Directions for this task:
Check every line of the material for the word "Compact". Copy those that have it.

Source material:
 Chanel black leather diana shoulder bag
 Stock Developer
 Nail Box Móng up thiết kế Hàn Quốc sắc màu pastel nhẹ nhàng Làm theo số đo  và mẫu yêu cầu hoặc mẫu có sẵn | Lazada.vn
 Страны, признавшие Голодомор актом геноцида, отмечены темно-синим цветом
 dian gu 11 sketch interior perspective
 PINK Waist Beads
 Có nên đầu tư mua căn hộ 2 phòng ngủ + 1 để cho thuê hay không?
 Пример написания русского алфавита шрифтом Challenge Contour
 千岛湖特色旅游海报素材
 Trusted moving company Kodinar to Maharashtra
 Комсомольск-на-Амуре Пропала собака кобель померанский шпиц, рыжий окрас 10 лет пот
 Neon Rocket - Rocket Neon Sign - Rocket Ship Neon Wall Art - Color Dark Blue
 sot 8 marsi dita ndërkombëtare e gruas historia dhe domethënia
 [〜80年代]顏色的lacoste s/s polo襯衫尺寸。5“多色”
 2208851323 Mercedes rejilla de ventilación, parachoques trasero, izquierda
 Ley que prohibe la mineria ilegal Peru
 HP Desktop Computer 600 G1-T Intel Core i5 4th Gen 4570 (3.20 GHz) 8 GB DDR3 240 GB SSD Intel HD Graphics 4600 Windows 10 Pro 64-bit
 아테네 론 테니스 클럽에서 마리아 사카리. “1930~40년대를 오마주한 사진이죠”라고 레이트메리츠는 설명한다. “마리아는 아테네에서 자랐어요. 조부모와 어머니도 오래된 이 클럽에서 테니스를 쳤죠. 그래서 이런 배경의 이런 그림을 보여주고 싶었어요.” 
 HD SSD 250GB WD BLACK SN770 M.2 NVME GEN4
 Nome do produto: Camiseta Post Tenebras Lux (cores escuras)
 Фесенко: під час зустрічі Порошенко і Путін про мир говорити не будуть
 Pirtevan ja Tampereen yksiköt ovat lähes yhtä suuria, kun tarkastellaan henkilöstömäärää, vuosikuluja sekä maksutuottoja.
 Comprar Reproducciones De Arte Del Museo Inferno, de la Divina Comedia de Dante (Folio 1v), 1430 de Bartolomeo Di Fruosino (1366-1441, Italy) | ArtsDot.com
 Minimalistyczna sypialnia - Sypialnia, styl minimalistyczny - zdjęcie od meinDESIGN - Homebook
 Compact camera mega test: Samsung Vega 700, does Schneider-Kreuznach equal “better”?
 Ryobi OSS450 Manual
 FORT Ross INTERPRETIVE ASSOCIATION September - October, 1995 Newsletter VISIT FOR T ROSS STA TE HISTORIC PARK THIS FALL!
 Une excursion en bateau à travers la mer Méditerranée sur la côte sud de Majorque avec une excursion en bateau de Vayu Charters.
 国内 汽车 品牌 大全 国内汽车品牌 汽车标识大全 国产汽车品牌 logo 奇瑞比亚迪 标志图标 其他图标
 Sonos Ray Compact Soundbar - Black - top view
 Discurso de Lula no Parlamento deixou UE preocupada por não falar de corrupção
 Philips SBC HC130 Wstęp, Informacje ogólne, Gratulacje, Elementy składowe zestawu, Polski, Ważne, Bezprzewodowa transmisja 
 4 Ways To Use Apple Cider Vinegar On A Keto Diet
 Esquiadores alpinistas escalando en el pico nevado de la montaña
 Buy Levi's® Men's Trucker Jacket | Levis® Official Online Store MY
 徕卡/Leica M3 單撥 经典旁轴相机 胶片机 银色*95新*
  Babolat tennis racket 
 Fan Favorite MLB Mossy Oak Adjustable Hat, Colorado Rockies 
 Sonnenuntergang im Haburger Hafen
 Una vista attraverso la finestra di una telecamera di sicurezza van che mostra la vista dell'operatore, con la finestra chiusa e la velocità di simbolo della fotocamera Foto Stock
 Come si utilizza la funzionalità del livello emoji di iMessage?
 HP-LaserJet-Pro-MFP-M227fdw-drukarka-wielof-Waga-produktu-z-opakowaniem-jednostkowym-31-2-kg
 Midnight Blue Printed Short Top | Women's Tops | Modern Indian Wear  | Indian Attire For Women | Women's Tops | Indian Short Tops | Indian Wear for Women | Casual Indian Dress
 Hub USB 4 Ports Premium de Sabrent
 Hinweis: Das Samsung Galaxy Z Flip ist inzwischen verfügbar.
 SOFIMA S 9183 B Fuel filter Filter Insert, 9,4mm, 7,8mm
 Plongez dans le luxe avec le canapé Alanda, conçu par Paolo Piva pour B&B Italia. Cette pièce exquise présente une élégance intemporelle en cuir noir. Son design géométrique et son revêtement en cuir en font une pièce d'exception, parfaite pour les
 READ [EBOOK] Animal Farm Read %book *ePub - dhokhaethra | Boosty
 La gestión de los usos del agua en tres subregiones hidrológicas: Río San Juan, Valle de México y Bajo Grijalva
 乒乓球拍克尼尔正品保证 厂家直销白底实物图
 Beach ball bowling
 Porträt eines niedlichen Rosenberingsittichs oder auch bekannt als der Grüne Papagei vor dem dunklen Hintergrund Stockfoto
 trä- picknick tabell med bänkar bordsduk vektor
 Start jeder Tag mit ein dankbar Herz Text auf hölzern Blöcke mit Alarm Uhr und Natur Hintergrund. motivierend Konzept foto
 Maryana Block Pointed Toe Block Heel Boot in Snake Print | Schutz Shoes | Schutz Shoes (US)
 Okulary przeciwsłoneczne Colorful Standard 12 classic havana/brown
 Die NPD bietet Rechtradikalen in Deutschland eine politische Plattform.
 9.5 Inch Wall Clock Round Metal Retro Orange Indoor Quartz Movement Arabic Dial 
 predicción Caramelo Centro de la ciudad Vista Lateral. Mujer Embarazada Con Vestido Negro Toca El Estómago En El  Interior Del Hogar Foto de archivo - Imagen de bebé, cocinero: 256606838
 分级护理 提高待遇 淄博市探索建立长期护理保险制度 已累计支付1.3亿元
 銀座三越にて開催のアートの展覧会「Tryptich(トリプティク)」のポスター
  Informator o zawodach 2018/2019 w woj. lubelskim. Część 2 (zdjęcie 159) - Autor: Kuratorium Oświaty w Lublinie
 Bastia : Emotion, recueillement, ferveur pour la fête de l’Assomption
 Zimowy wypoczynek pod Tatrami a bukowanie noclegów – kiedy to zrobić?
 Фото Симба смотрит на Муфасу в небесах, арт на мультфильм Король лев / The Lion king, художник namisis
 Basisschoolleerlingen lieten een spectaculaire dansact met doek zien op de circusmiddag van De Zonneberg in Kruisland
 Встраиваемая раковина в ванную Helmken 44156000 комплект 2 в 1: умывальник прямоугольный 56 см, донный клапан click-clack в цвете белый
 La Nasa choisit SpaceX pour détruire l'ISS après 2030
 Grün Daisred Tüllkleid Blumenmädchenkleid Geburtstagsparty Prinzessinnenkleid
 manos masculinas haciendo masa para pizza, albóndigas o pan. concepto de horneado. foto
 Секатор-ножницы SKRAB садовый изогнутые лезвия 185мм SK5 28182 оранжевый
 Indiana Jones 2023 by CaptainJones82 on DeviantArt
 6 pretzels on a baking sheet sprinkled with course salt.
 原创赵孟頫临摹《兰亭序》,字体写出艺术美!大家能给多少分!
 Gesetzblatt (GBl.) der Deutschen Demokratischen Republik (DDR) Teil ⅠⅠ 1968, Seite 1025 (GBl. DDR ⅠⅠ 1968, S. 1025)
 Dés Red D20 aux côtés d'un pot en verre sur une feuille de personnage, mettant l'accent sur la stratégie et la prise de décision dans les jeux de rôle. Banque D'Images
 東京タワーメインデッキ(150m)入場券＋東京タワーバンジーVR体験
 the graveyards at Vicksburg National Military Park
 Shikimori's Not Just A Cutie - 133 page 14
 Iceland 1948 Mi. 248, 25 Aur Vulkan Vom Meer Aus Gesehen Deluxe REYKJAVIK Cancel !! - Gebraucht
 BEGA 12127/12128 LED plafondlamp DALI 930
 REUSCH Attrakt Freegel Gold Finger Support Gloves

Written solution:
 Compact camera mega test: Samsung Vega 700, does Schneider-Kreuznach equal “better”?
 Sonos Ray Compact Soundbar - Black - top view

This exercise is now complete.